$L/K$ unramified at $v$ and $\widetilde{K}$ intermediate field $\Rightarrow\, \widetilde{K}/K$ unramified at $v$ Let $K$ be a number field, $L$ a field with $K\subset L\subset\mathbb{C}$ and $L/K$ Galois (not necessarily finite).
I'm trying to prove the following:

Let $L/K$ be unramified at a finite place $v$ and $\widetilde{K}$ an intermediate field $K\subset\widetilde{K}\subset L$ with $\widetilde{K}/K$ Galois, then $\widetilde{K}/K$ is unramified at $v$.

I think I know how to prove this for $L/K$ finite:
Let $p\subset\mathcal{O}_K$ be the prime associated to the finite place $v$. Since $L/K$ is unramified at $v$, then $p\mathcal{O}_L$ has the form $p\mathcal{O}_L=\mathfrak{P}_1...\mathfrak{P}_r$, where $\mathfrak{P}_1,...,\mathfrak{P}_r$ are primes above $p$. Letting $\mathfrak{Q}_i:=\mathfrak{P}_i\cap\mathcal{O}_{\widetilde{K}}$, we get:
$$p\mathcal{O}_{\widetilde{K}}=p\mathcal{O}_L\cap\mathcal{O}_{\widetilde{K}}=\mathfrak{Q}_1...\mathfrak{Q}_r$$
Therefore $p$ is unramified at $\widetilde{K}$, which is what we want.

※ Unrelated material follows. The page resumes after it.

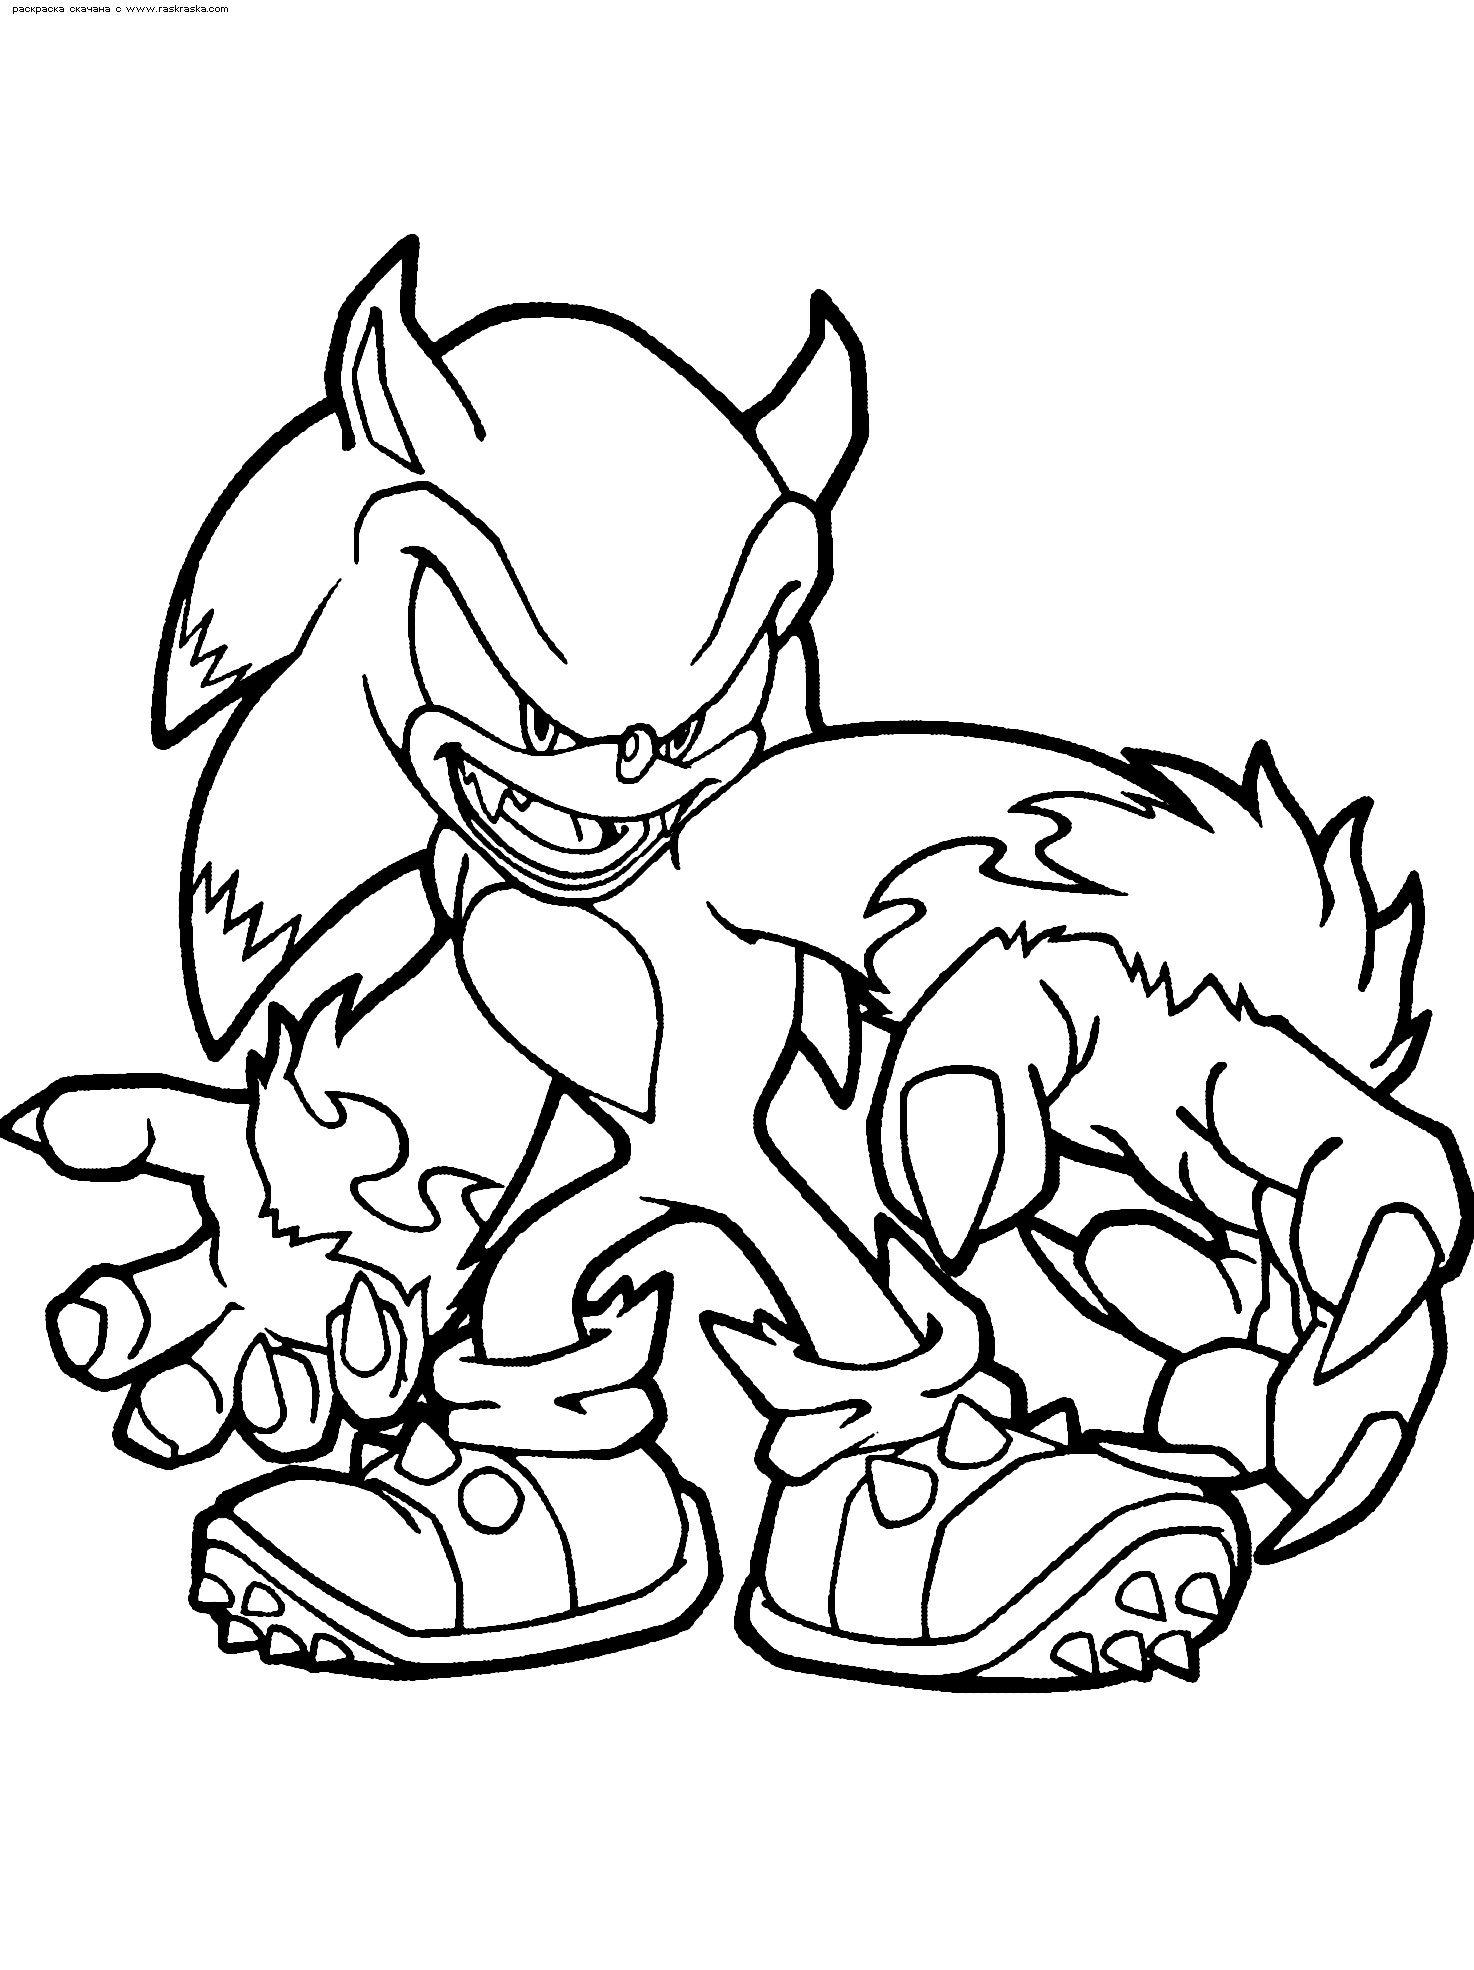  Sonic coloring pages | disney coloring pages for kids | color pages | coloring pages to print | kids coloring pages | #42

Is this true for $L/K$ infinite? How do I prove it?
 A: Let $\tilde{\nu}$ be a prime in $\tilde{K}$ over $\nu$, and let $\beta$ be a prime over $\tilde{\nu}$, we have to prove that the restriction from $I_{\nu}^{\beta}$ to $I_{\nu}^{\tilde{\nu}}$ is surjective.
Consider the sets $A=\{I_{\nu}^{\mathfrak{a}_M}:\mathfrak{a}_{M}\subset \beta,\ \mathfrak{a}_M\ \text{is a prime over }\nu\ \text{of a finite Galois extension } M/K,\ M\subset L\}$ and 
$B=\{I_{\nu}^{\mathfrak{p}_N}:\ \mathfrak{p}_N\subset \tilde{\nu}, \ \mathfrak{p}_N\ \text{is a prime over }\nu \text{ of a finite Galois extension } N/K,\ N\subset \tilde{K}\}$.
This sets are ordered by $I_{\nu}^{\mathfrak{a}_{N_i}}\leq I_{\nu}^{\mathfrak{a}_{N_j}}$ if $N_i\subset N_j$, and 
if $I_{\nu}^{\mathfrak{a}_{N_i}}\leq I_{\nu}^{\mathfrak{a}_{N_j}}$ you have the restriction map, $Res:I_{\nu}^{\mathfrak{a}_{N_j}}\rightarrow I_{\nu}^{\mathfrak{a}_{N_i}}$, this restriction map is surjective because we are dealing with finite Galois extensions. You can prove these are projective systems and that $\lim\limits_{\leftarrow}A=I_{\nu}^{\beta}$ and $\lim\limits_{\leftarrow}B=I_{\nu}^{\tilde{\nu}}$. 
This means that $I_{\nu}^{\tilde{\nu}}\cong \{(\sigma_{N})_N\in\prod\limits_{K\subset N\subset \tilde{K}} I_N: \sigma_{N_i}=\sigma_{N_j}|_{N_i}\}$ and that $I_{\nu}^{\beta}\cong\{(\sigma_{M})_M\in\prod\limits_{K\subset M\subset L} I_M: \sigma_{M_i}=\sigma_{M_j}|_{M_i}\}$.
Since the restriction map between inertia groups of finite Galois extensions is surjective, the projections in the above product are surjective, and this means that the restriction $Res I_{\nu}^\beta\rightarrow I_{\nu}^{\mathfrak{p}_M}$ is surjective for any $M$ finite Galois subextension and $\mathfrak{p}_M$ a prime of $M$ with $\mathfrak{p}_M\subset \beta$.
With this you can see that the restriction from $I_{\nu}^{\beta}$ to $I_{\nu}^{\tilde{\nu}}$ is surjective.